Meet Stephanie Irvine.

She's the single mom of two from Utica who penned a heartbreaking Dear John to the motor city car thief who stole her 1998 Dodge Neon.

It happened last Tuesday when stephanie drove her two daughters to midtown Detroit. One of them checked out a performance at Great Lakes Coffee. The other went to Detroit Institute of Arts, the Detroit Public Library and the Detroit Historical Museum with mom.

"When we were walking around I just thought the city is so pretty and there are so many things you can do here," she said.

They parked their car on Cass just north of Alexandrine.

"I went past the car walked past the car about 10, 15, 20 times," she said.

But when their day in Detroit was over,  the car was gone. Stolen in broad daylight.

"At first I thought you have to be kidding me," Stephanie said. "I know what's it like to not have things to want things. Like we go without things all the time but it doesn't make it okay to take things.

"I was angry that that's all I had and somebody took it."

Crushed and embarrassed, Stephanie wrote this letter and sent it to FOX 2 hoping the car thief would see it and maybe have a change of heart.

"Dear Person(s) who stole my car,

 I'm not sure what your situation is but let me share a little about mine. I am a single mother of two children. It took me over a year to pay $1,200 for that ugly, old, beat up Neon you took from me. I moved my children and myself back into my mother's house not too long ago because I couldn't afford living on my own. 

We all have to share one room. I finally got a halfway decent paying job and was going to start school in the fall. I needed that car more than anything. I, myself, have $30 to my name. Replacing that car will cost me dearly. It will deprive my children of simple basic wants and needs. 

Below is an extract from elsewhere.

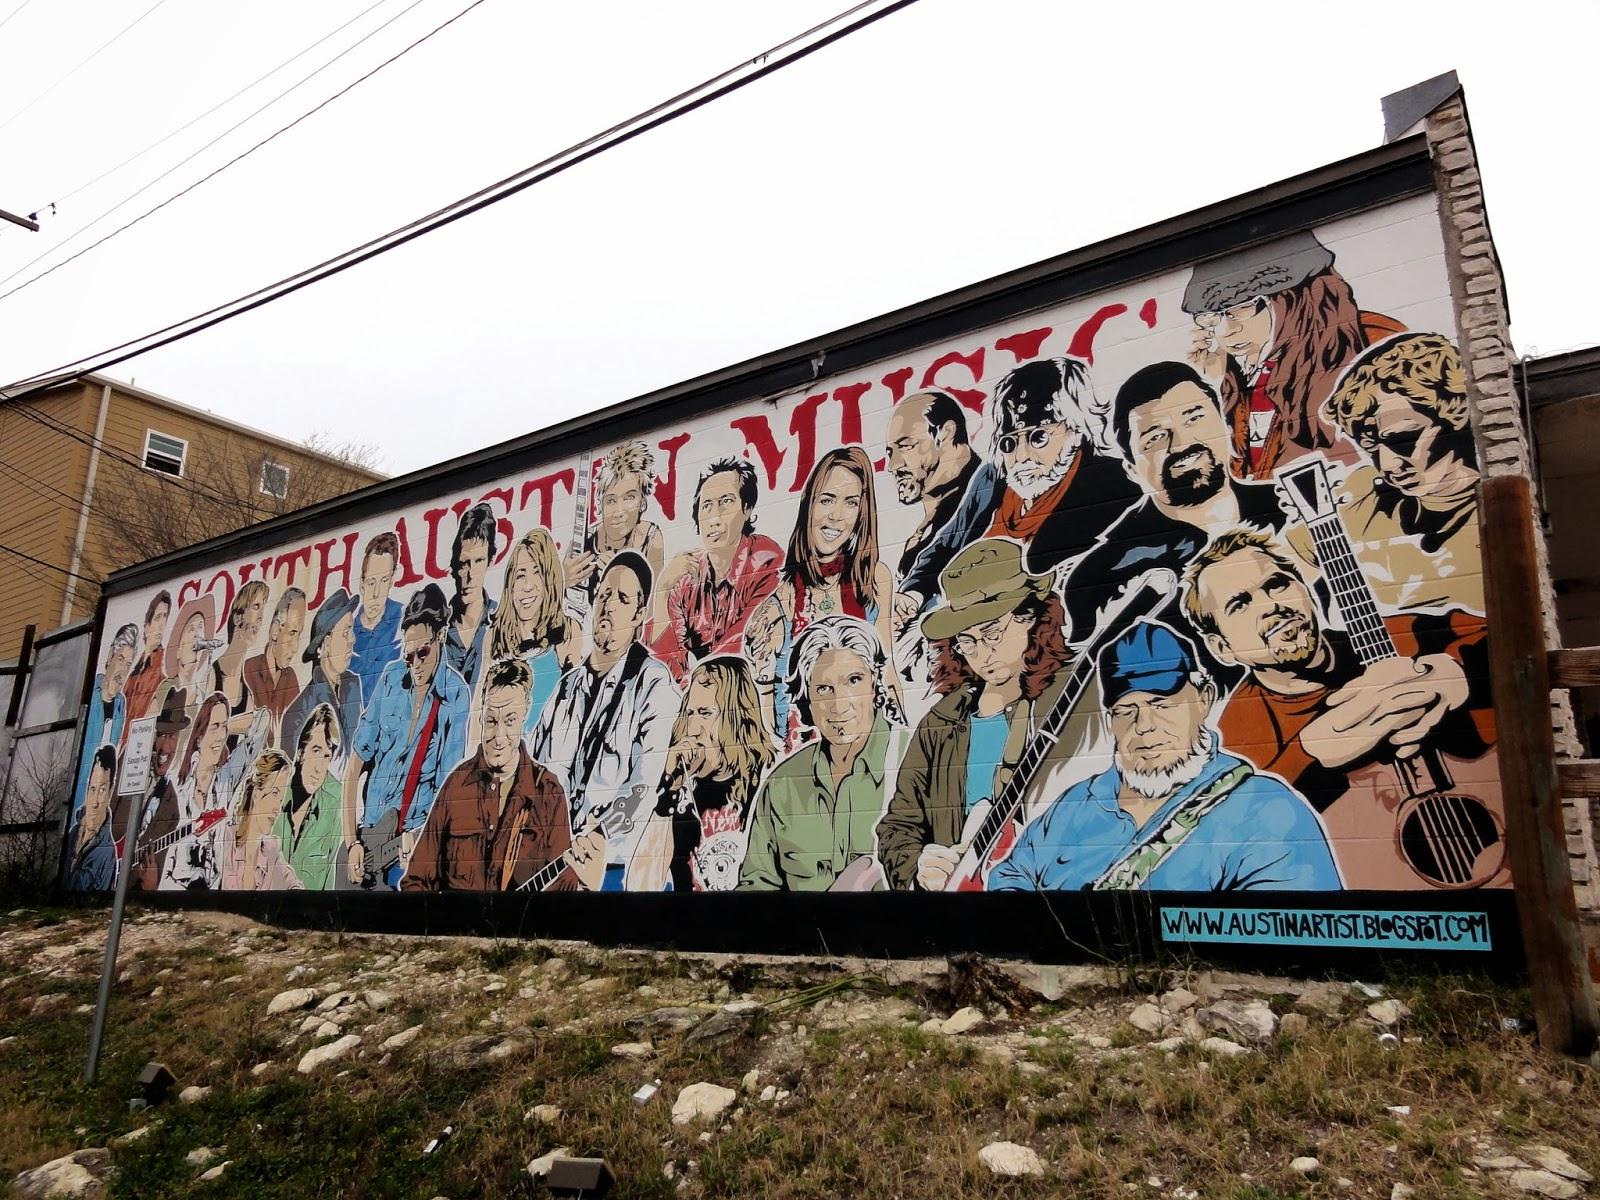 45894b68d8e Exploring Austin Street Art  Graffiti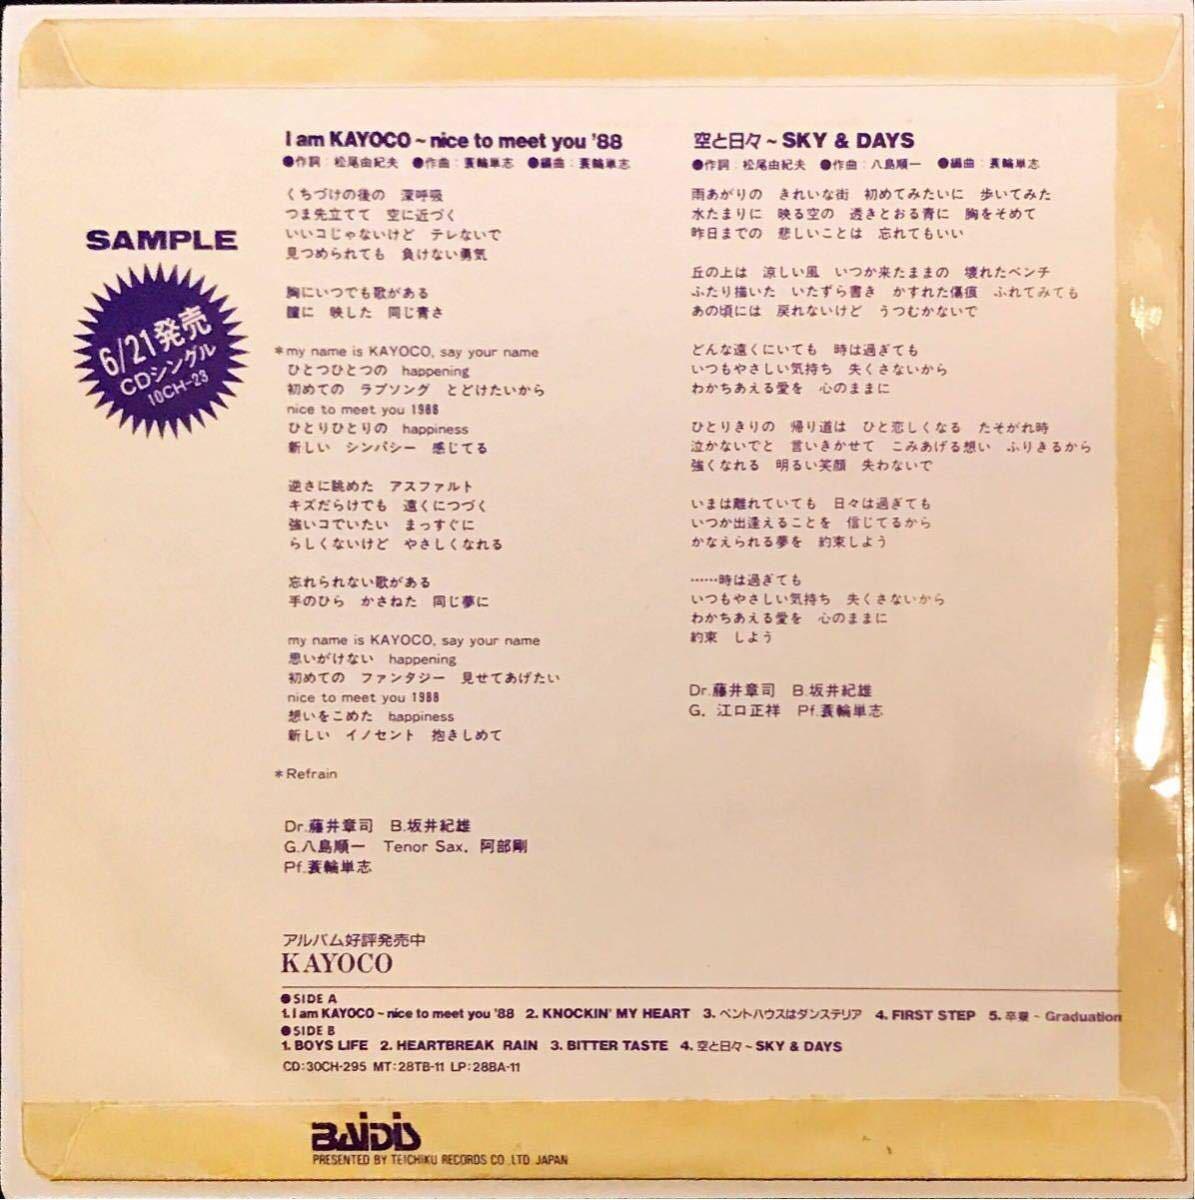 【試聴】和モノ非売品ROCK KAYOCO // I am KAYOCO / 空と日々 GROOVE歌謡 【EP】1988年プロモ見本盤オンリー 希少盤7inch_画像2

I hope that your situation was far worse than mine. I'd like to think you took my car because you needed money to feed your family. I'd like to think that you were so desperate and had no one to turn to. But, in my heart, I know it was a selfish act. You took it simply because you wanted to and you feel you have the right to take what you want. 

The next time you are looking around your once beautiful, thriving city and wonder where it all went wrong take a look in the is YOU that keeps it from being great."

Instead it touched the hearts of the FOX 2 faithful - and she got this call: 

"Hi Stephanie, how are you? This is Mike from Ford Road Motor Sales," said the voice at the other end of the phone. "I was reading your story online yesterday and I think we can help you out." 

Some now willing to step up and donate to Stephanie a new ride.

FOX 2: "What is it like hearing that?"

"It's awesome," Stephanie said. "I don't know what to say like thank you, isn't even enough  ... that people are willing to help."

Police have not tracked Stephanie's Dodge Neon, but she might be okay. Since writing that letter, there are a few people offering to help Stephanie get a new car.